I chilled in my bed, really depressed.
And Dad pushed the door open about 8 o’clock,:“I have some f---ed up news for you, son! Andre gone, boy!”
That was the worst day of my life. Except for his funeral.

There was no stopping Andre Tanker.
The only thing that ever stopped him was Trinidad. If he was anywhere else, New York, or Boston, or any of the other islands, it would have been a different scene for Andre.

Jimi Hendrix was left-handed and guitars are right-handed and Jimi Hendrix never changed the string setup (to suit a left-hander). He just turned the guitar upside down and played it!
There’re a lot more stories about his playing, about things that happened in the studio, that blew my mind! He had such control and understanding of things like feedback, he literally used feedback to play songs!
There’s a natural ability about Jimi and that same thing lived in Andre.

I’ve spent my whole life trying to play guitar like Andre Tanker.

Jimi Flipp is a group of very cool, very calm musicians I’ve had a lot of respect for for a long time.
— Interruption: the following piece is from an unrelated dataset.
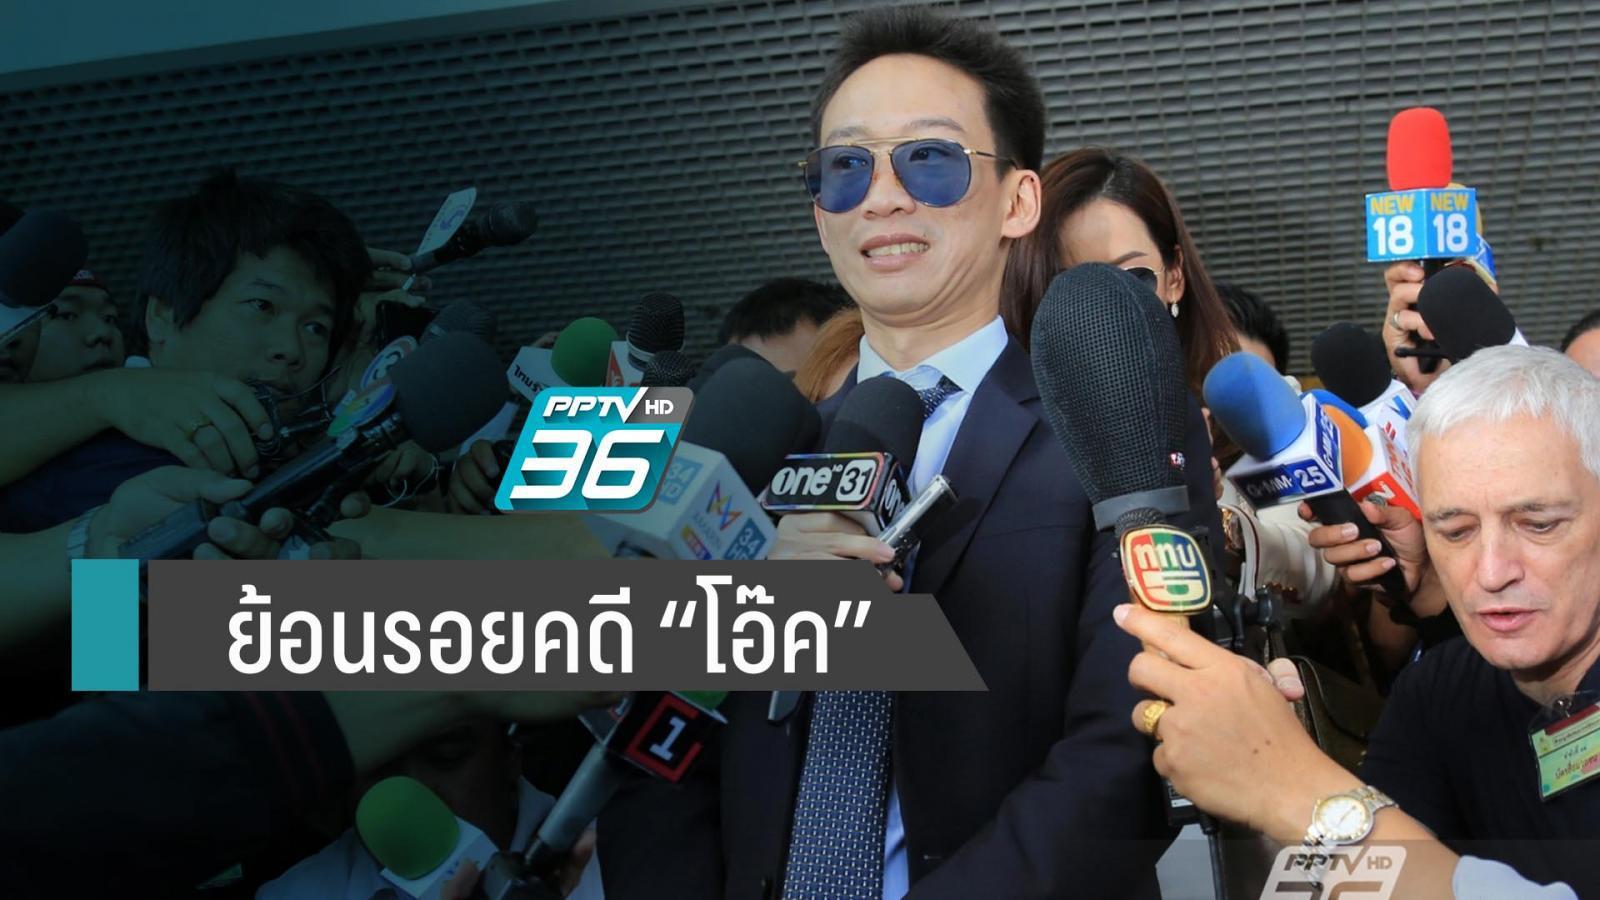 """ย้อนรอยคดี """"โอ๊ค-พานทองแท้"""" เส้นทางเงินกรุงไทย ก่อนศาลยกฟ้อง"""
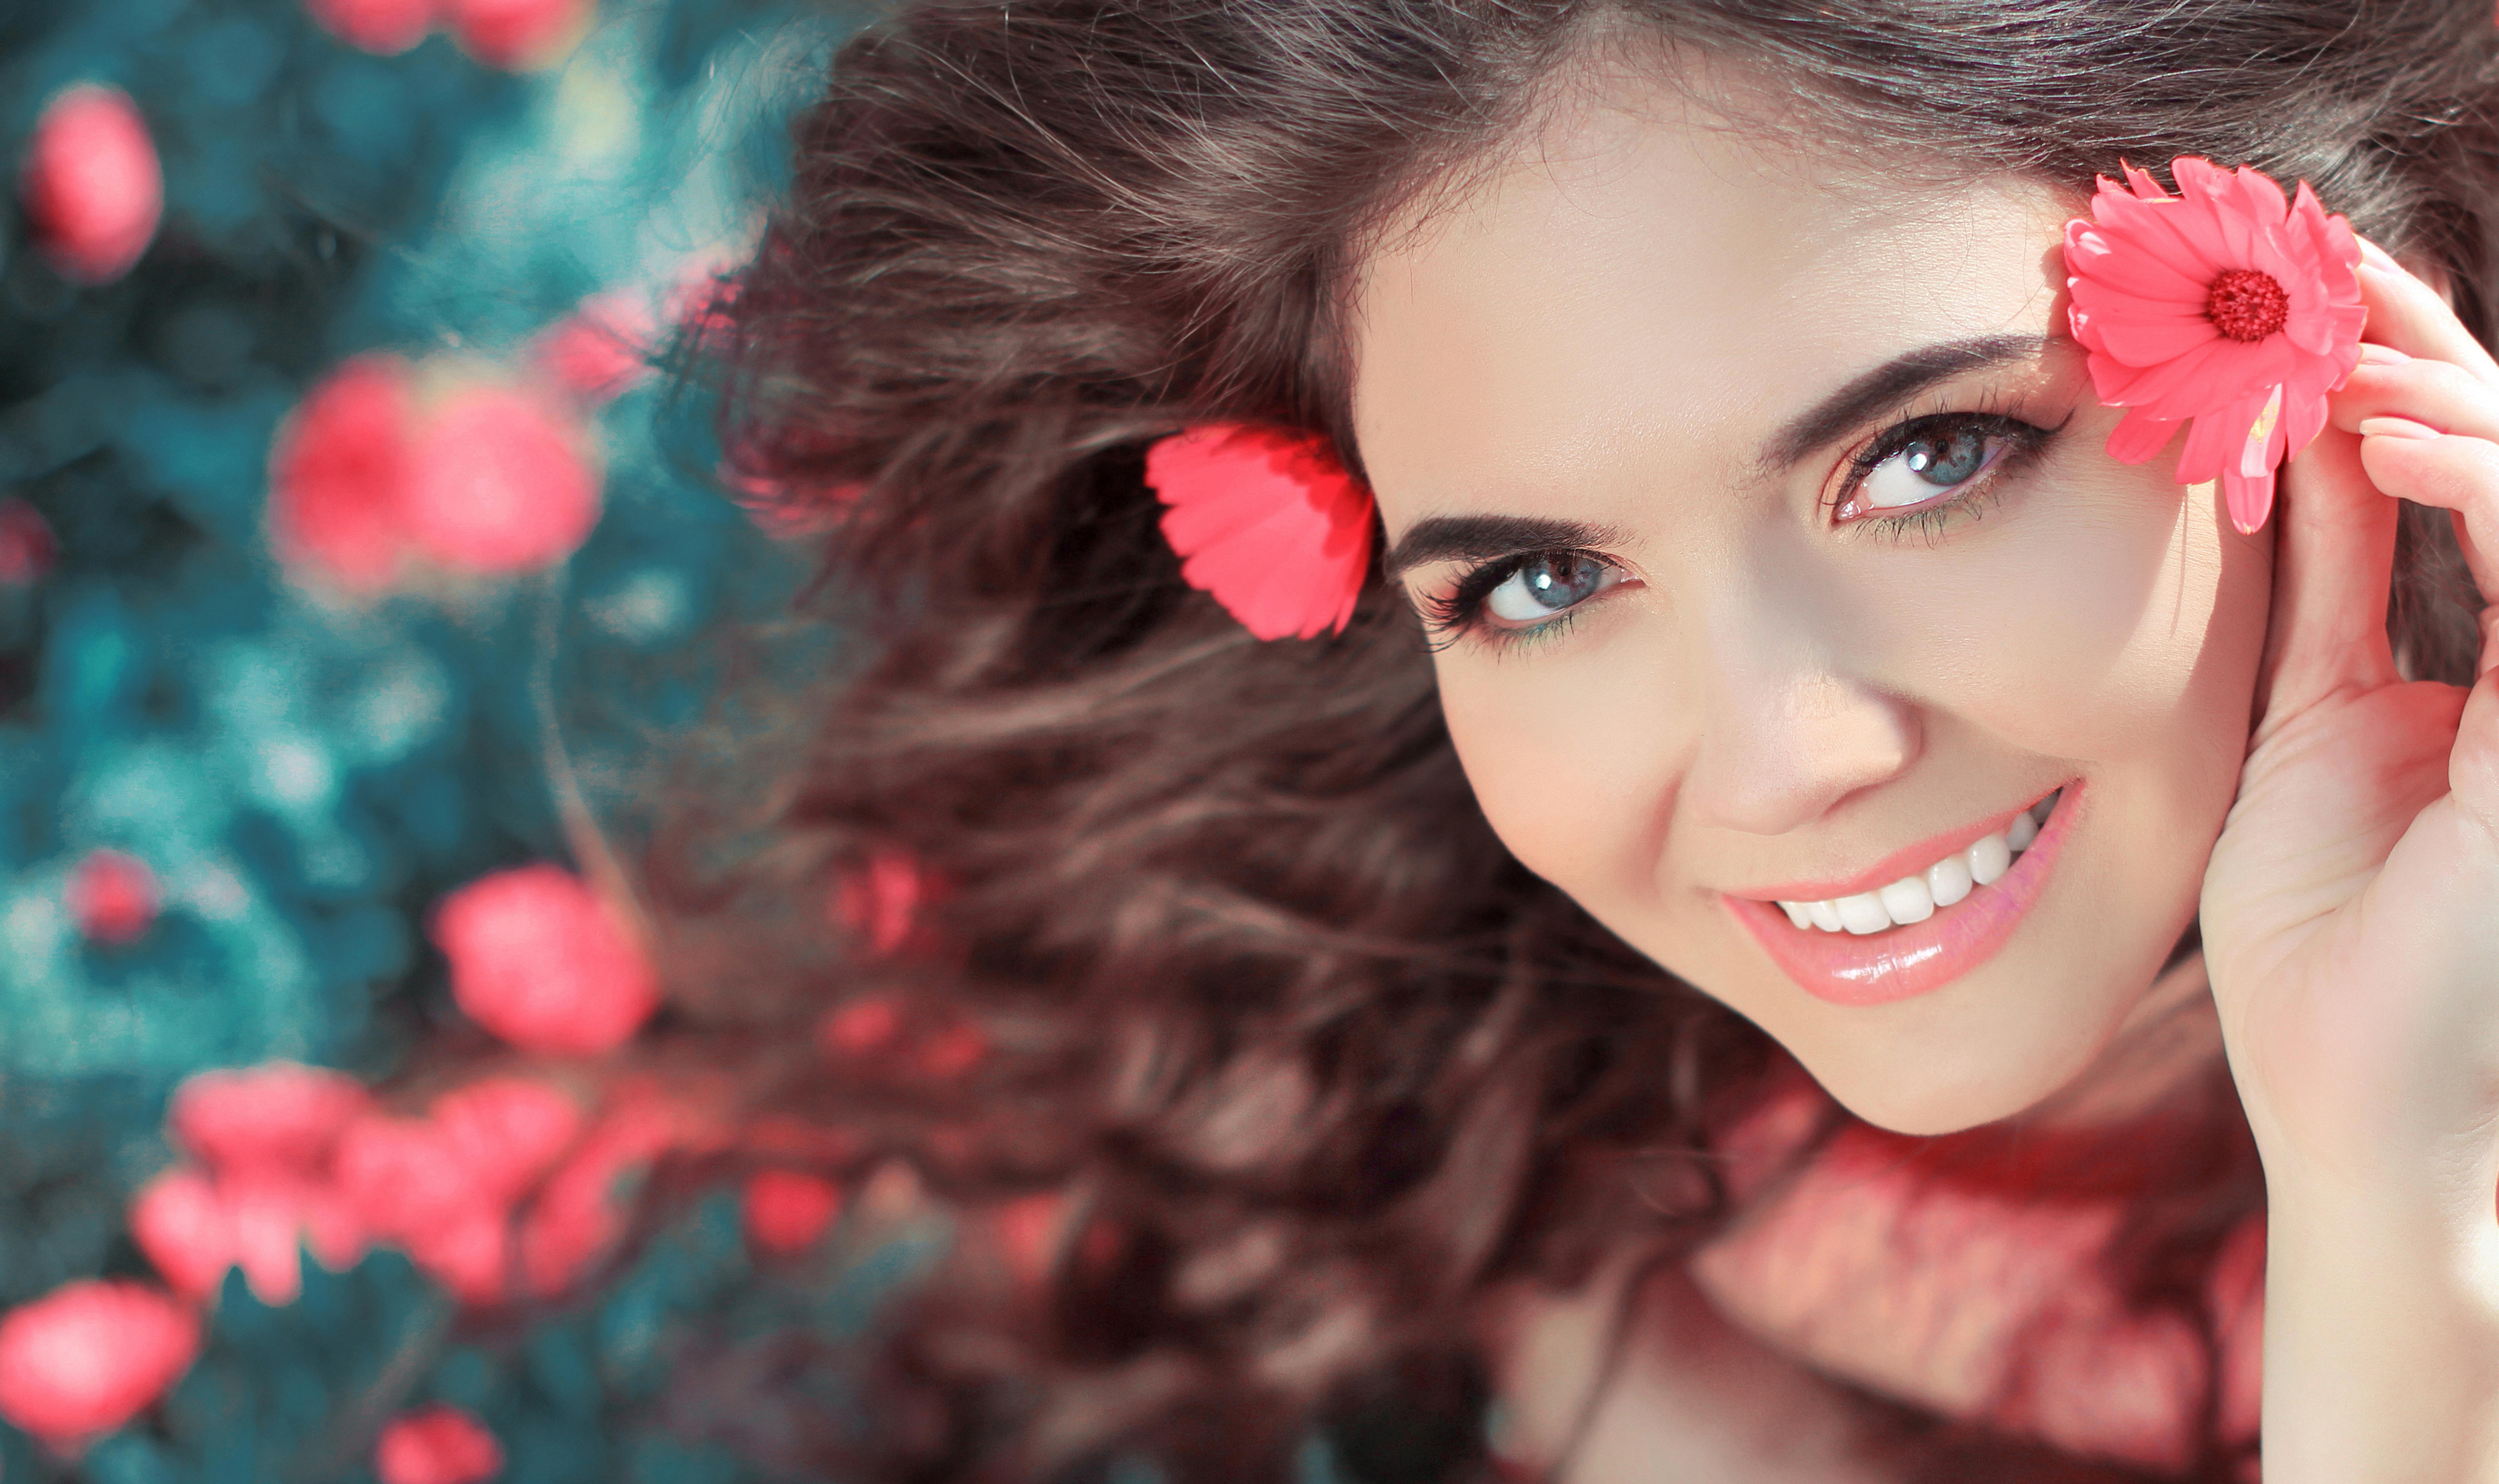 разработке фото цветы и улыбка сделать

Peter Shim on guitars; John Otway on drums,;Phil Hill on keyboards,; a fantastic bass man, Pedro Casafranca; Rochelle Chaves; and Stuart Silver on vocals.

I needed this band really badly. I wanted to play rock, I wanted to play guitar stuff.
Imij and Co started back, and from 2001 until 2019, I was just playing soca.
I kept saying to Peter, we need to start back a band that plays mainly rock.

It’s a really cool thing with the band name, Jimi Flipp.
People say, “Well, it’s not Imij!”
And I reply, “It really is Imij. Just flip it!”
Sometimes you get the phone call right away, sometimes you get it half-past two in the morning! I just kept looking at the name Imij and it came to me. Most people see the connection to Jimi Hendrix but not to Imij.

We play a strong blend of 80s, 70s and 60s rock. We do 90s and current stuff as well, but we love the earlier stuff.

Sometimes I do wish I’d learned guitar properly.
But my body never got it. I never allowed myself to sit down and read. I just played.

I love everything about the guitar. I love the tone. I love how it rips you apart

Playing guitar is like going into an elevator. The doors open, I go in, I press a floor. The elevator goes up. I get to the floor and I get out.
Don’t ask me what happened inside the elevator. That’s all I could tell you.
People say, “Joey, explain to us what you just played.”
And I say, “I had a guitar and a pick and I played. I have no clue how it happened.”

A Trini is resilient to everything. We are truly different and that’s what makes us beautiful. We are a great people.

Trinidad and Tobago is way beyond home to me. I could never see myself moving out of here.
Trinidad is the place that gives me the calm and warmth that I portray from me. Trinidad helps you become the person you want to be.
There are those who become Trinidadians and there are those who become idiots. The idiots are the ones doing the crime and lying in public office.
But the Trinidadians are the ones who make the difference, and there are many of us.